19. The apparatus of claim 16, wherein the first system manager and
the second system manager are on different hierarchical levels.
20. An article of manufacture for globally managing systems,
comprising a machine readable medium containing one or more
programs which when executed implement the steps of: determining at
a first system manager one or more measurable effects of at least
one hypothetical action to achieve a management goal; sending the
one or more measurable effects from the first system manager to a
second system manager; determining at the second system manager one
or more procedural actions to achieve the management goal in
response to the one or more received measurable effects; and
executing the one or more procedural actions to achieve the
management goal.
Description
CROSS-REFERENCE TO RELATED APPLICATIONS(S)
[0001] This application claims the benefit of U.S. Provisional
Application Ser. No. 60/699,215, filed Jul. 14, 2005, the
disclosure of which is incorporated by reference herein.
FIELD OF THE INVENTION
[0002] The present invention relates to computer systems
management, and more particularly, a global approach for computer
systems management.
BACKGROUND OF THE INVENTION
[0003] In a computer system, systems management is typically
performed on a single set of homogenous resources, for example, on
a tier of identical HTTP servers, a tier of identical application
servers or a tier of identical database servers. As the size and
heterogeneity of computer systems increases, the human effort
required to coordinate the local management of these several
heterogeneous subsystems to achieve a desired global behavior
becomes increasingly difficult. Thus, an automated mechanism for
coordinating the local management of these subsystems is required
to ensure effective global management of the system as a whole.
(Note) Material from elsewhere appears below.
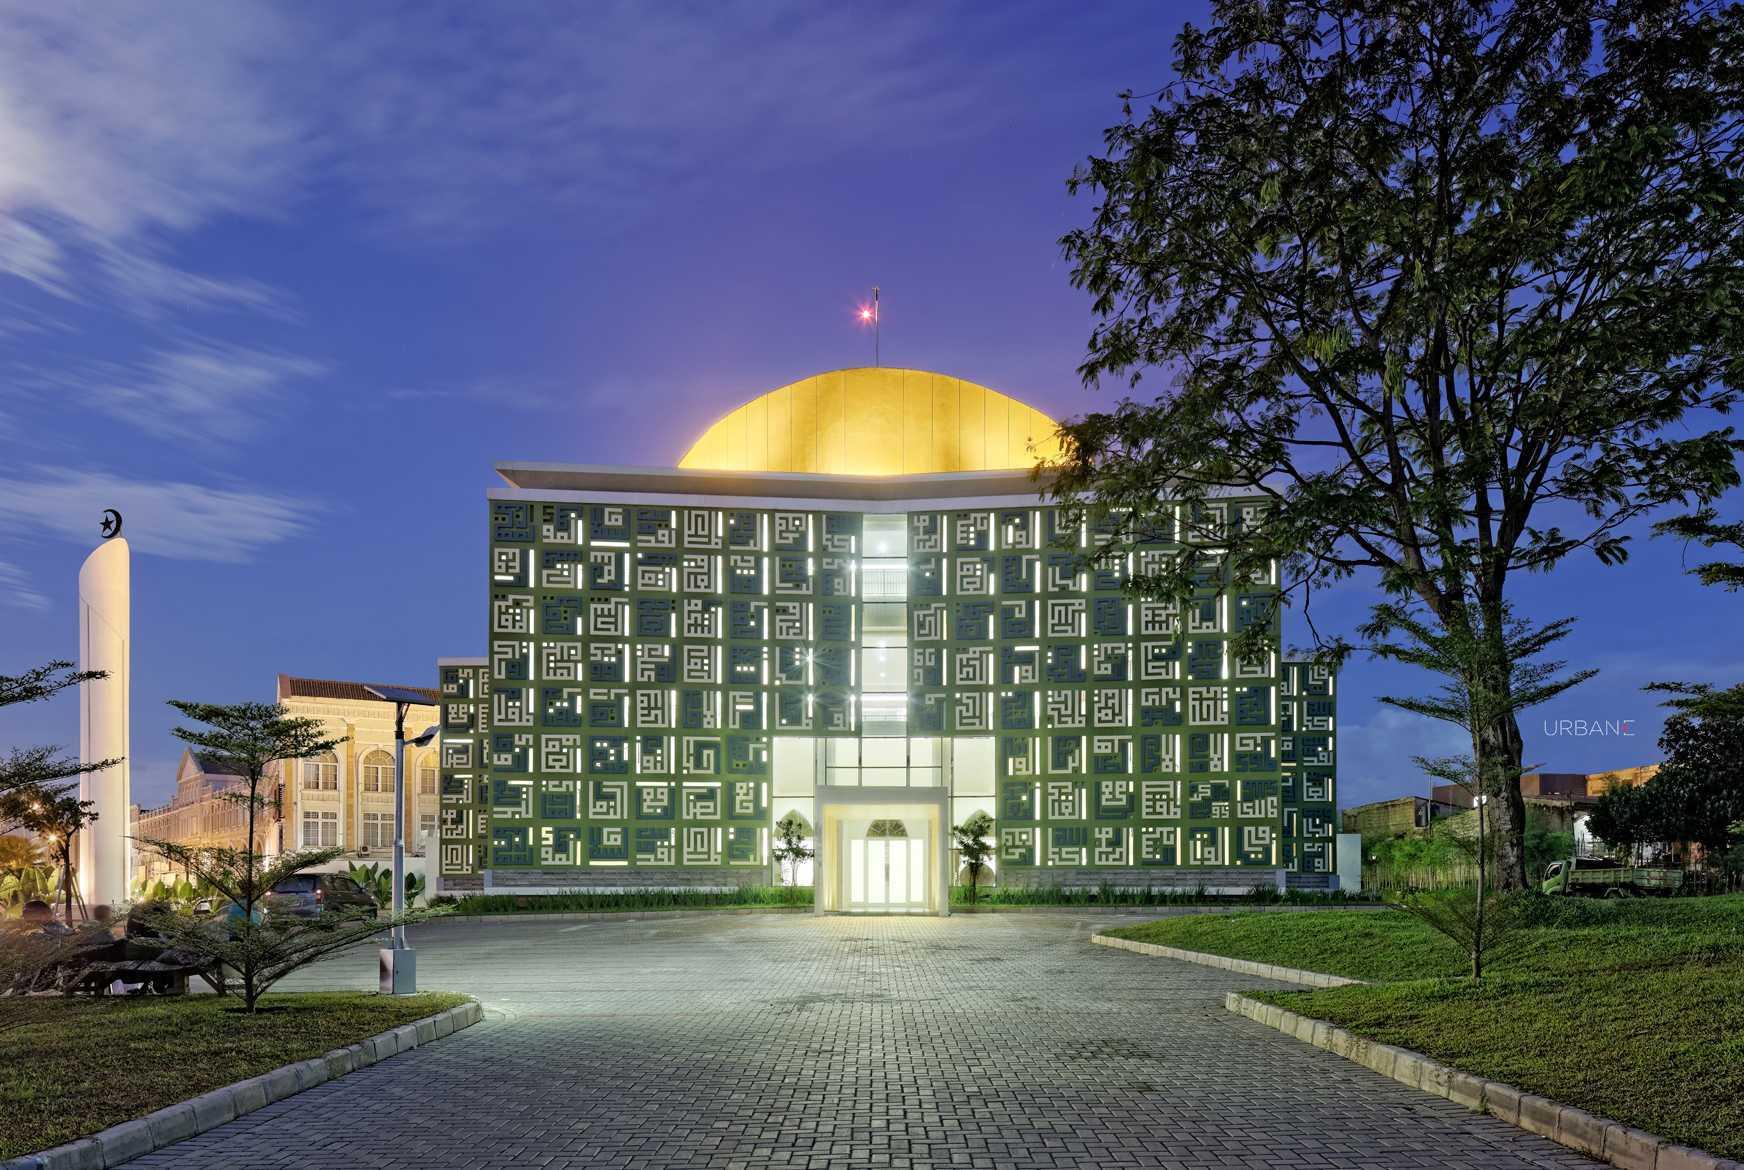 Masjid yang dibangun di Kota Tangerang Selatan ini tampil dengan gaya eksteriornya yang unik. Selain kubahnya yang menjulang, bagian dindingnya diberi relief kaligrafi cantik yang membuat tampilannya semakin megah.

[0004] In a large organization utilizing computers, such as, for
example, enterprise computing systems, transactions may flow
through many subsystems before completing. As a result, each
subsystem plays a partial role in the success or failure of every
transaction. Many of these subsystems have the ability to
prioritize the work they receive, providing administrators with
means to achieve subsystem goals. However, each individual
subsystem has only a limited understanding of the system state, and
moreover, their ability to prioritize work within their own domain
provides only limited control of the overall system state. Thus,
attainment of complete end-to-end transactional goals is
difficult.
[0005] WebSphere Extended Deployment (XD), an IBM Corp. middleware
system, manages parameters that affect the performance contribution
by the tier that it controls, such as, for example, routing, CPU
and memory allocation, and software module placement in the
application tier of multi-tiered application environments. However,
such a system is unable to control the other tiers, and therefore
cannot contribute to the larger end-to-end response time goals for
the system as a whole.
[0006] Accordingly, an improved approach of globally managing a
system as a whole through coordinated local management is
needed.
SUMMARY OF THE INVENTION
[0007] In accordance with the aforementioned and other objectives,
the present invention is directed towards techniques for global
systems management.
[0008] In accordance with one aspect of the invention a method of
globally managing systems is provided. One or more measurable
effects of at least one hypothetical action to achieve a management
goal are determined at a first system manager. The one or more
measurable effects are sent from the first system manager to a
second system manager. At the second system manager, one or more
procedural actions to achieve the management goal are determined in
response to the one or more received measurable effects. The one or
more procedural actions are executed to achieve the management
goal.
[0009] In illustrative embodiments of the present invention, the
first and second system managers may be on the same or different
hierarchical levels. The second system manager may request the
first system manager to perform the step of determining measurable
effects. The request may include a query message, having at least
one hypothetical action and one or more corresponding effects to be
measured. Additionally, the first system manager may submit a
request to a third system manager to determine one or more
measurable effects of the at least one hypothetical action to
achieve a management goal.
[0010] In accordance with additional aspects of the present
invention, the steps of determining and sending measurable effects
may be repeated for at least one additional system manager.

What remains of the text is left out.